Godot Version
4.3dev3
Question
I am trying to trigger animations in the shader frm GdScript, sending through a ‘start_time’, as a shader parameter, set as ‘Time.get_ticks_msec() * 1000.0’, then calculating elapsed time in the shader with ‘t = TIME - start_time’.
I expected these times to be synchronised, but TIME (in gdscript) is bit ( around half a second) behind.
To calculate the offset I evenually found I could set a global shader parameter ‘offset_time’ in a physics process running on the first frame, then when I need synchronised time in a shader I do ‘actual_time = TIME + offset_time’.
Is this expected behaviour, or am I missing something? Is there a cleaner way to do this?

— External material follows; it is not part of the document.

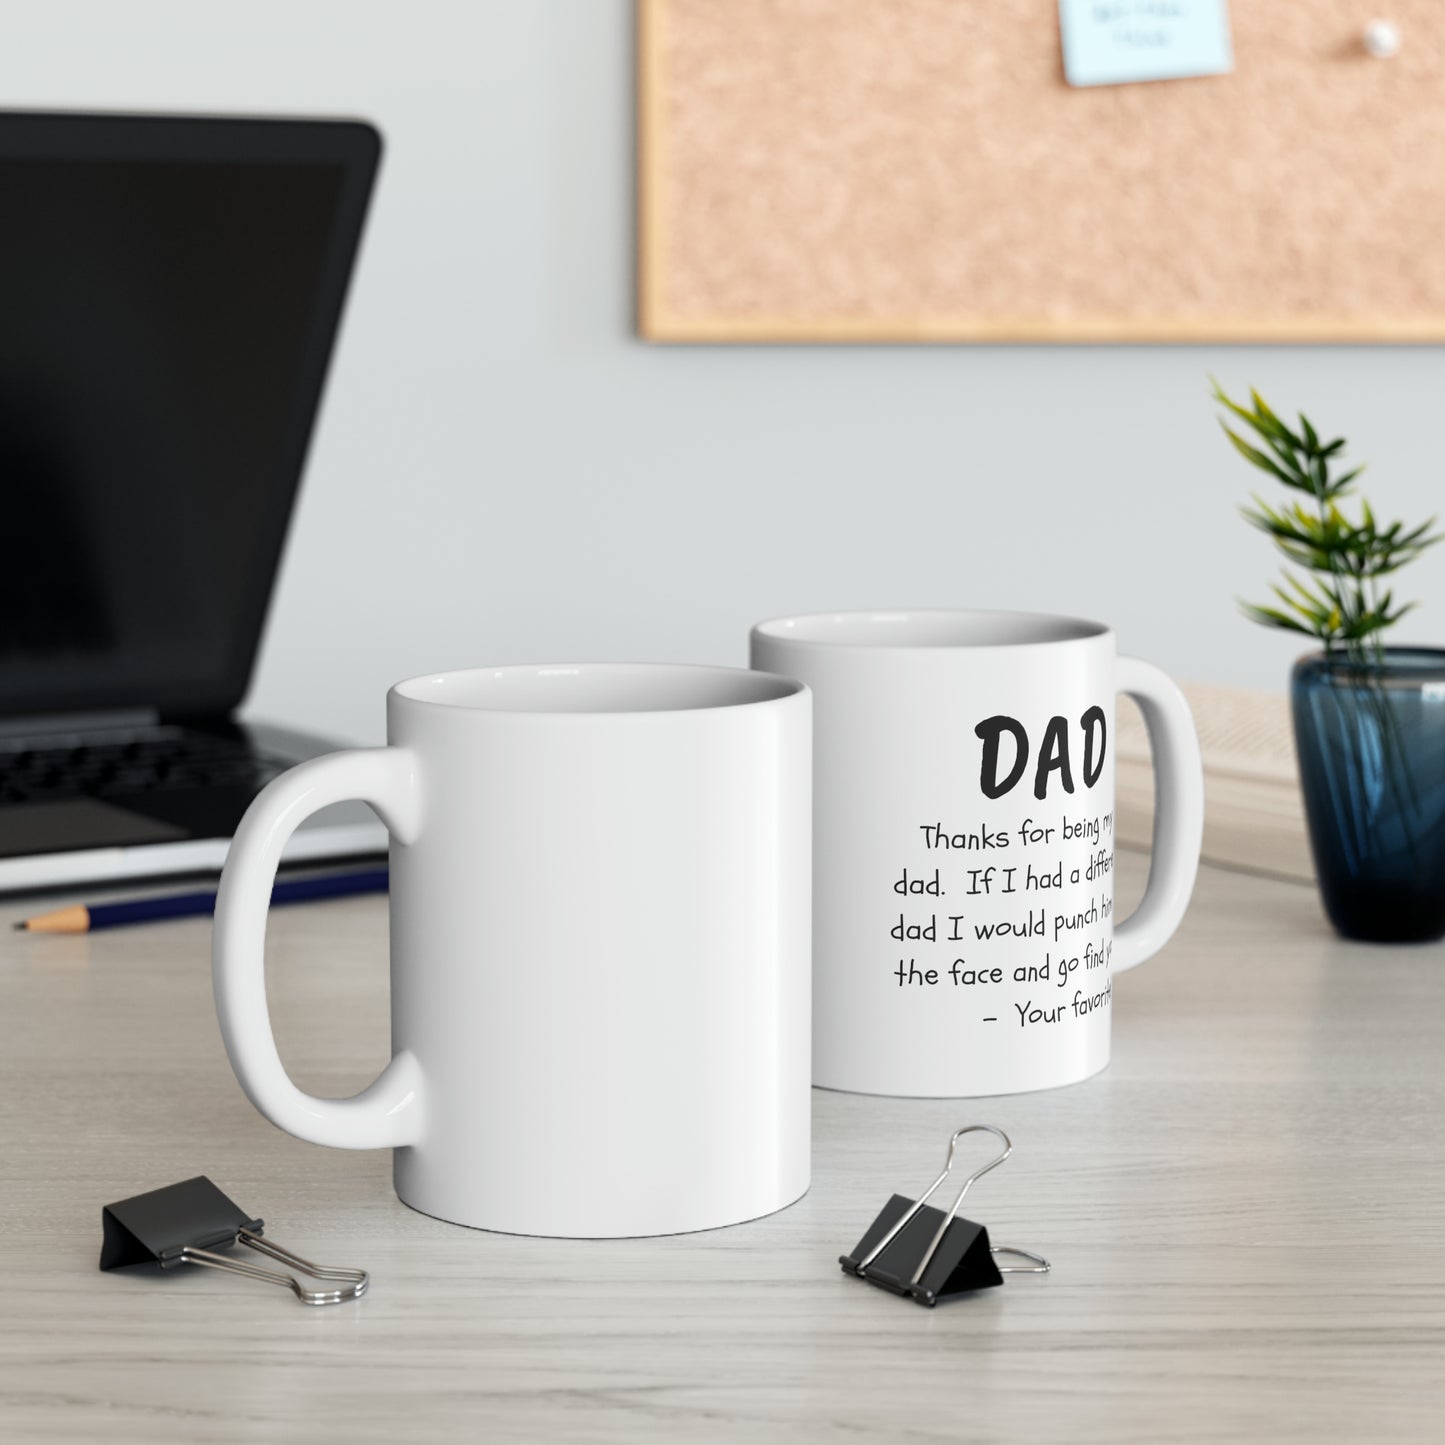 For Dad | Father's Day/Birthday gift/Ceramic Mug, 11oz

I haven’t yet tested whether the times stay in sync over longer periods.
Thanks in advance!
Two options I’ve found:
If you’re using a particle shader you can look at the VERTEX position in the spatial shader and use that to make adjustments.
Otherwise, when needed, pass the shader elapsed (sum(delta)) via your gdscript func process(delta) and set_shader_parameter (or whatever that function is).
There’s no easy way to track time elapsed in shaders I’m afraid (at least that I’ve found)
Edit: To be clear, the timing should be handled entirely by your gdscript through the process func and updating the shader parameter manually. TIME is only really useful for sinusoids and random seeds in my experience.
1 Like
Thanks. I was hoing to avoid having to explicitly set an ‘actual_time’ in the shader every frame, but I guess it’s not the end of the world if it comes to that! So far setting a single offset at the game seems stable, though, atleast in my current case on a multimesh present frm initialisation.